Document metadata analysis tools
Our main documentation index lacks a page about metadata and MAT.
It should also mention pdf-redact-tools, tesseract-ocr, and ffmpeg. See #17178.
The homepage of MAT (https://mat.boum.org/) is pretty good at introducing what metadata are. So we should definitely point to it, and maybe reuse parts of it.
#4 Updated by ArgySan over 4 years ago
Let me know, is this way too simplistic?
What is MAT?
MAT (Metadata Anonymisation Toolkit) is a toolkit that anonymizes and removes metadata from your files. It does this utilizing a library, a GUI application and, if you prefer, a CLI application.
How does it work?
Simply put, MAT removes all metadata from files leaving them empty. Unfortunately, watermarks and steganographic tags won’t be removed but unlike metadata being added by default by many utilities, watermarks are not usually inadvertently added and the original author will likely be aware of their existence. Basically, MAT will protect you from accidental metadata leakage, but not customized metadata specifically included to track down you, the author.
Why do we care?
Because just about every file being uploaded to the internet contains metadata. From Office documents to .flac audio files and beyond, they all have metadata embedded, and that metadata tells the world where, when, and most crucially, who uploaded it. This defeats the purpose of Tails and our ‘privacy for anyone, anywhere’ mantra.
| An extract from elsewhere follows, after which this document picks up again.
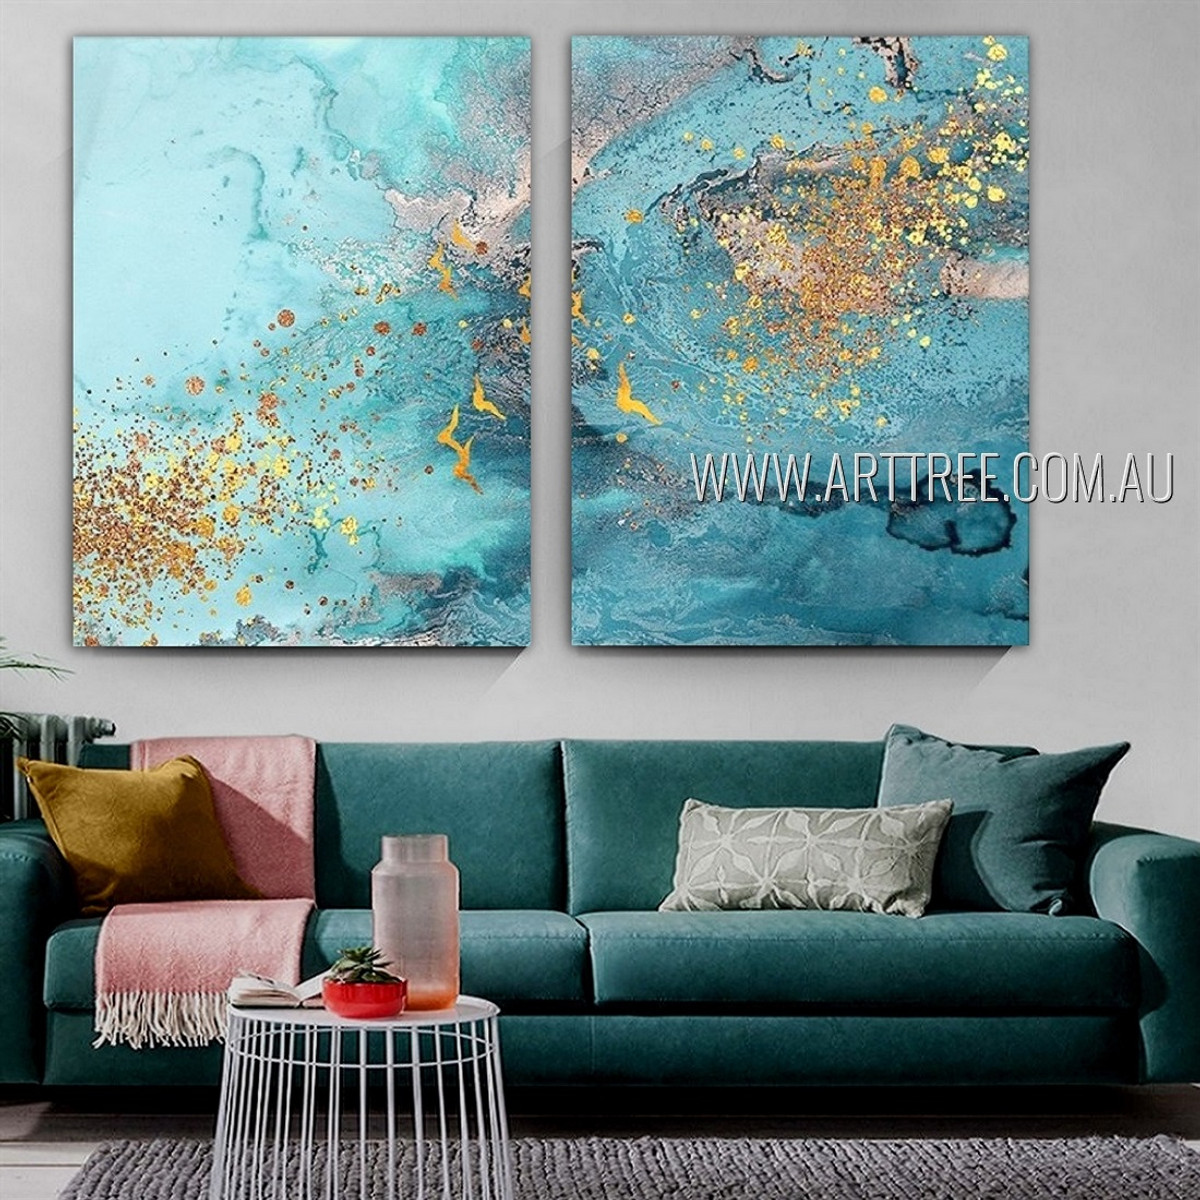 Auburn Spots Abstract Modern Heavy Texture Artist Handmade Framed Stretched 2 Piece Multi Panel Canvas Oil Painting Wall Art Set For Room Decor

So, to ensure you stay anonymous, Tails comes with MAT included.
Currently supported files include:
- Portable Network Graphics (.png)
- JPEG (.jpg, .jpeg, etc)
- Open Documents (.odt, .odx, .ods, etc)
- Office OpenXml (.docx, .pptx, .xlsx, etc)
- Portable Document Fileformat (.pdf)
- Tape ARchives (.tar, .tar.bz2, etc)
- MPEG AUdio (.mp3, .mp2, .mp1, etc)
- Ogg Vorbis (.ogg, etc)
- Free Lossless Audio Codec (.flac)
- Torrent (.torrent)
MAT can be accessed via: Applications > System Tools in the Tails GUI.
#6 Updated by sajolida over 4 years ago
- QA Check set to Dev Needed
Hi, thanks a lot for working on this.
I don't think it's too simplistic and rather think that it should be further simplified :) You're providing the right information and it is well structured but here are a bunch of recommendations that will make you text even better:
- I would restructure the page to remove the first two titles and merge their content as an intro in a single block without title, like we do on /doc/advanced_topics/paperkey/.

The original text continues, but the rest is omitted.